Problem requirements
Please give back the lines from the line containing "1:35 M60A3 with M9 Bulldozer - TAKOM" through the end of the listing below, exactly as written and without pictures.

Information provided

────────────────

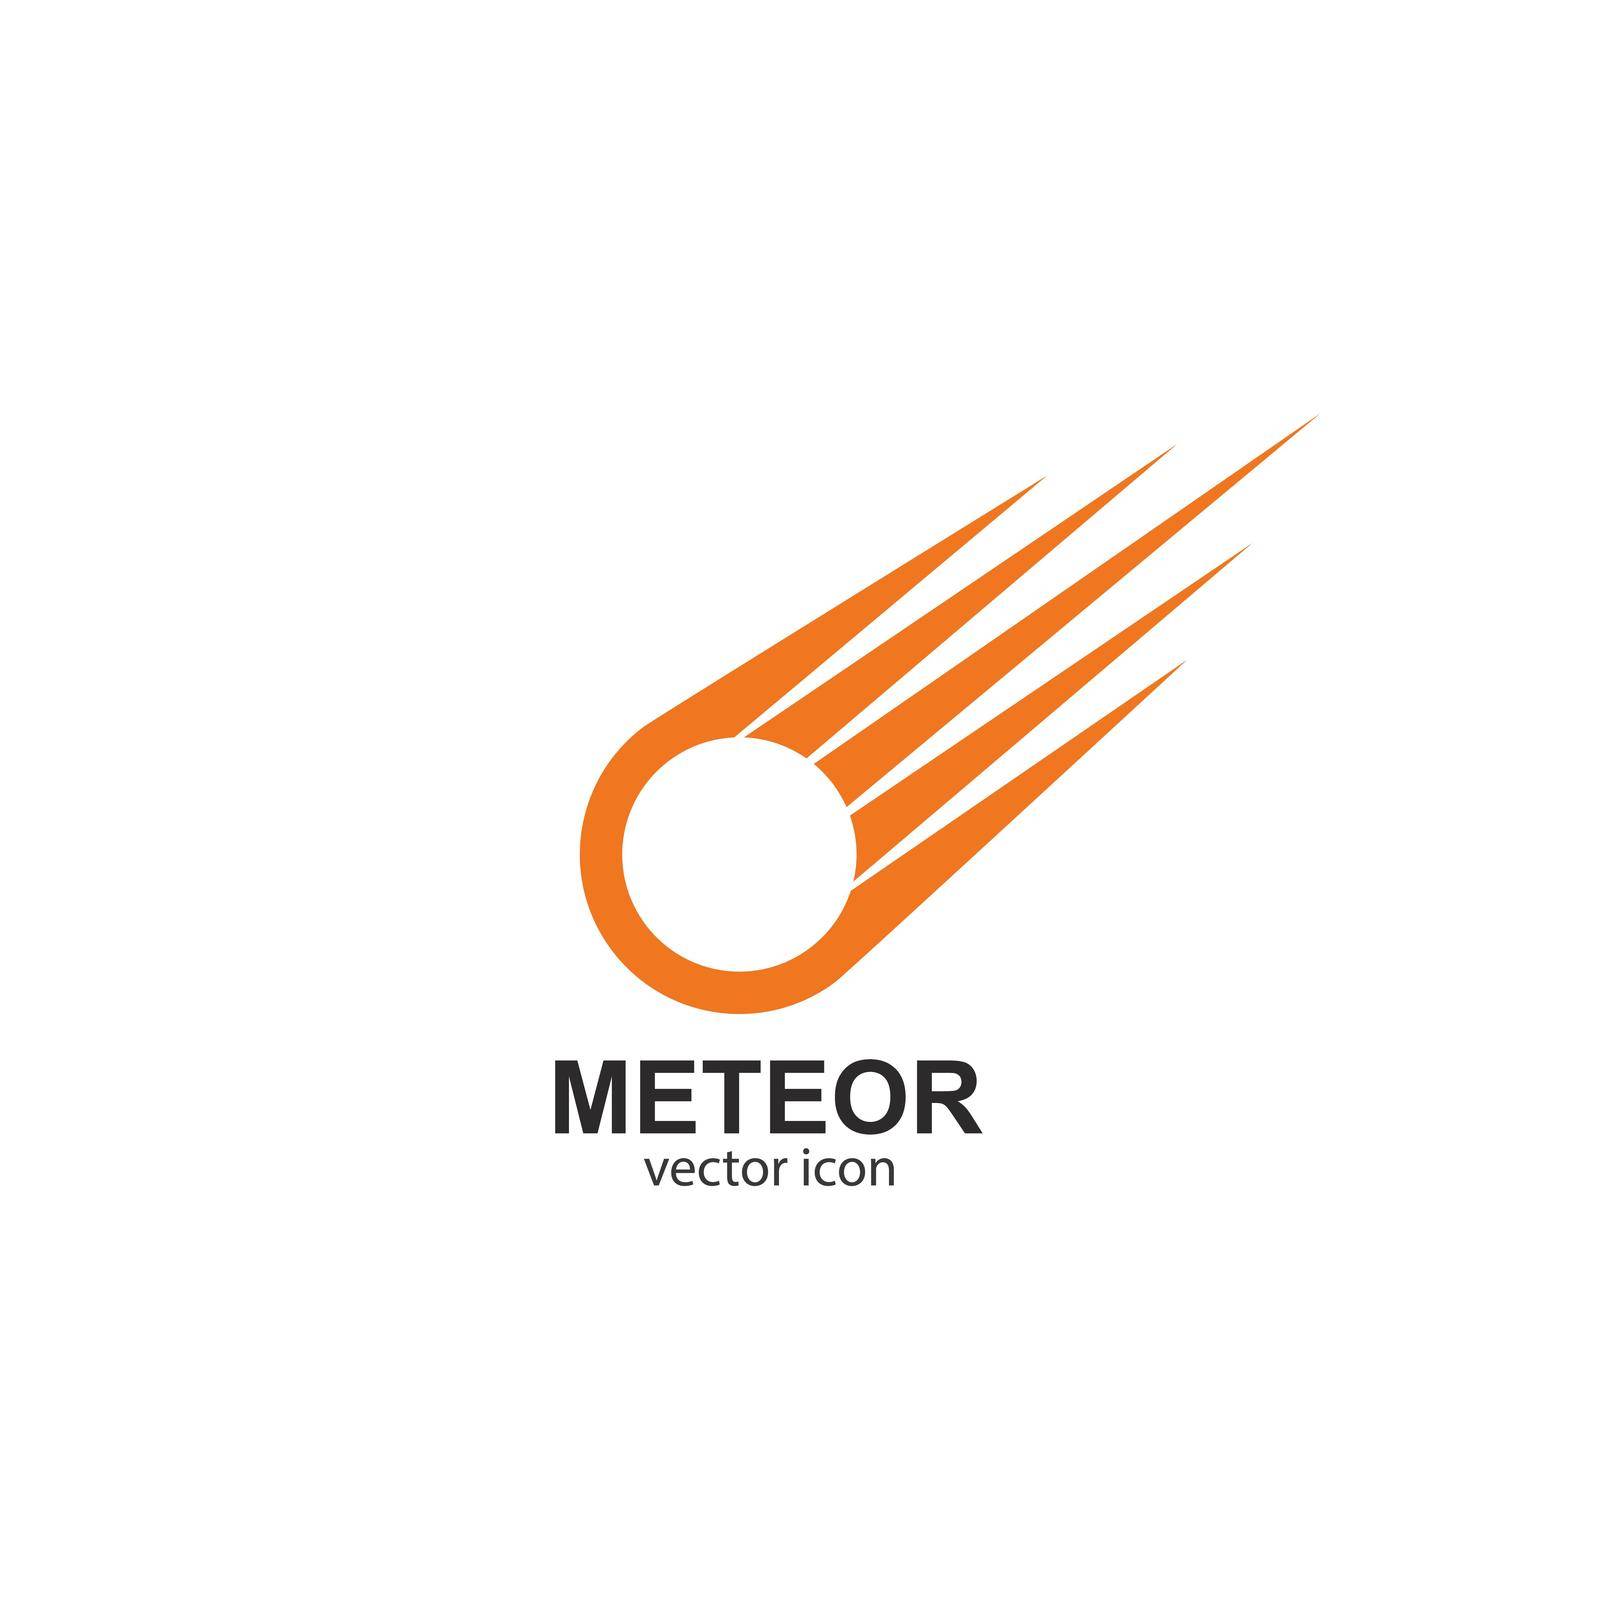 meteor logo vector template by kosasihindra55
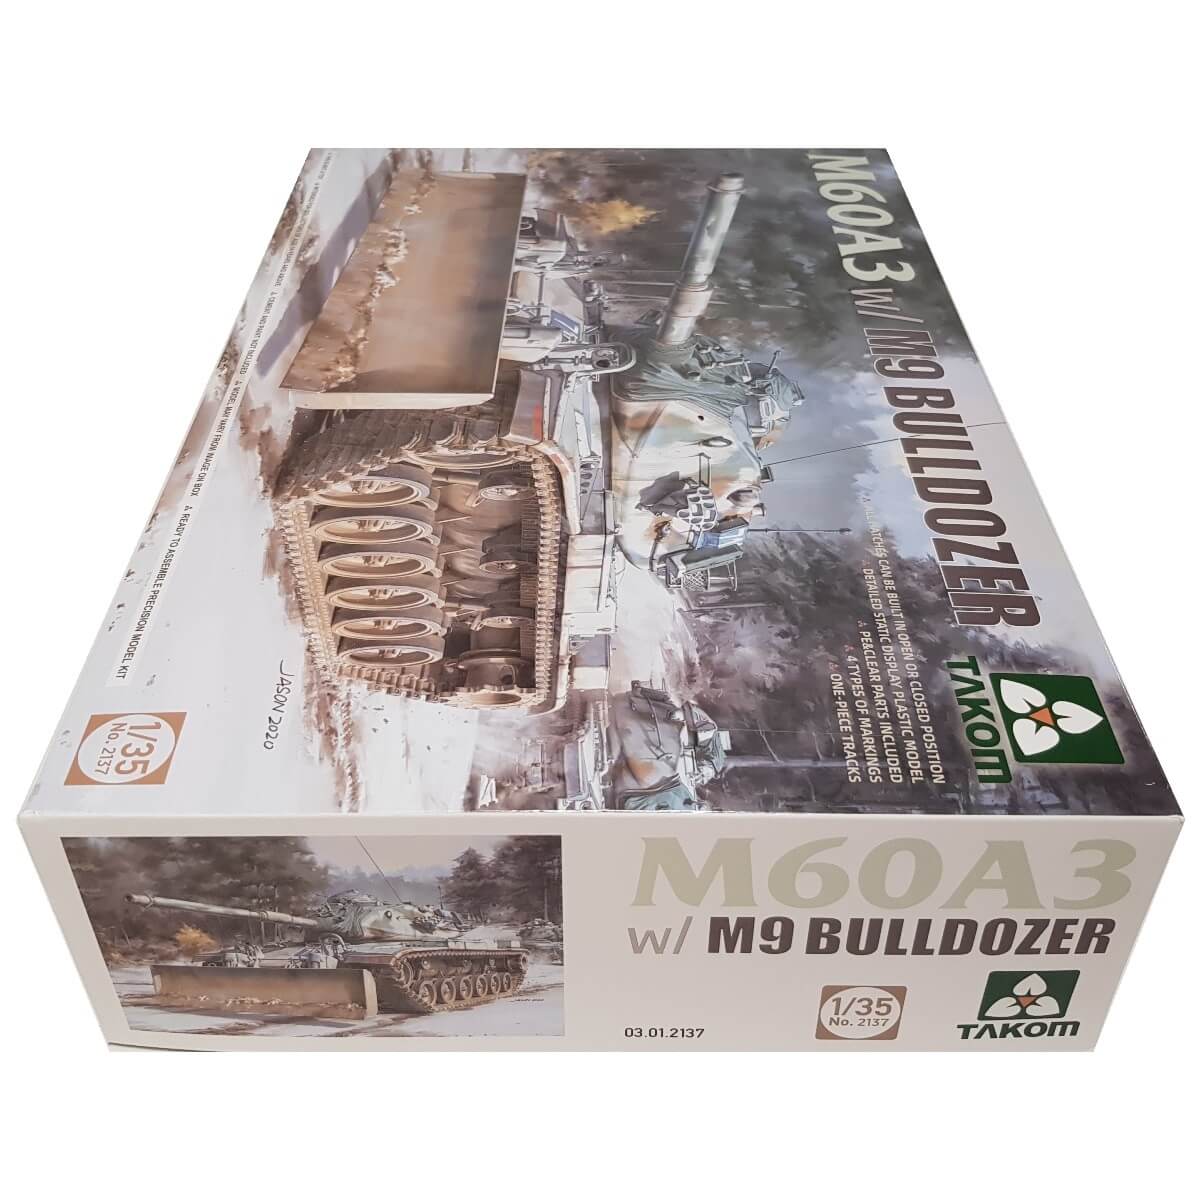 1:35 M60A3 with M9 Bulldozer - TAKOM
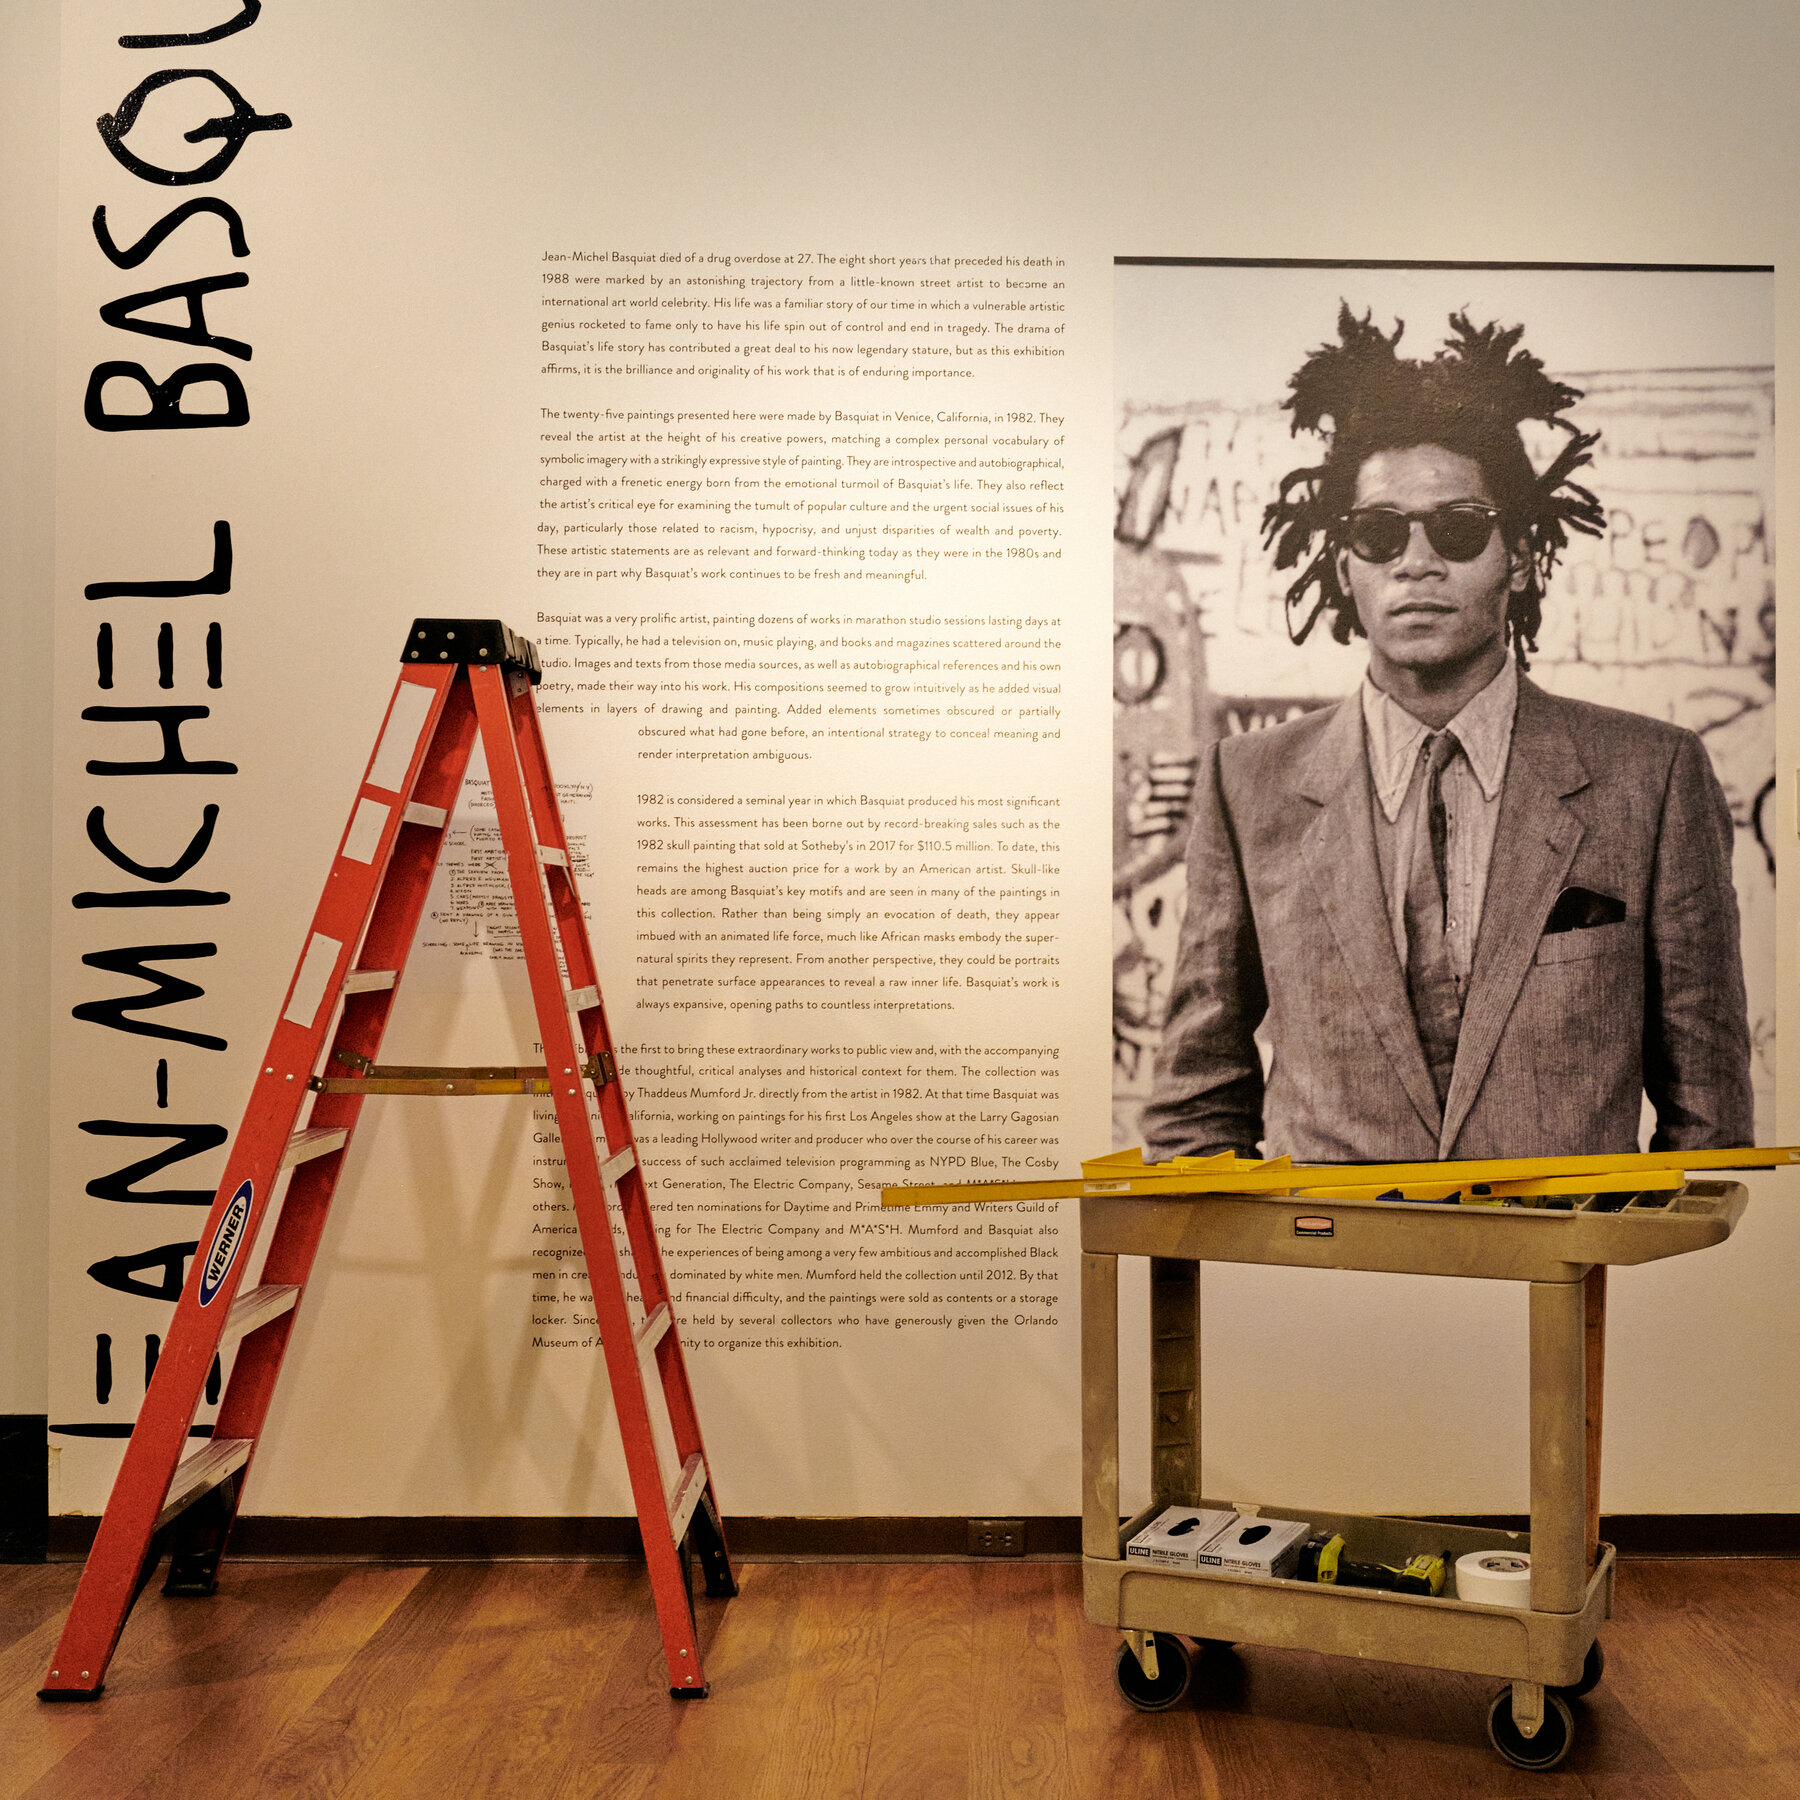 Orlando Museum Of Art Accused of Displaying Fake Jean-Michel Basquiat Paintings

────────────────

Finished task
 1:35 M60A3 with M9 Bulldozer - TAKOM
 Orlando Museum Of Art Accused of Displaying Fake Jean-Michel Basquiat Paintings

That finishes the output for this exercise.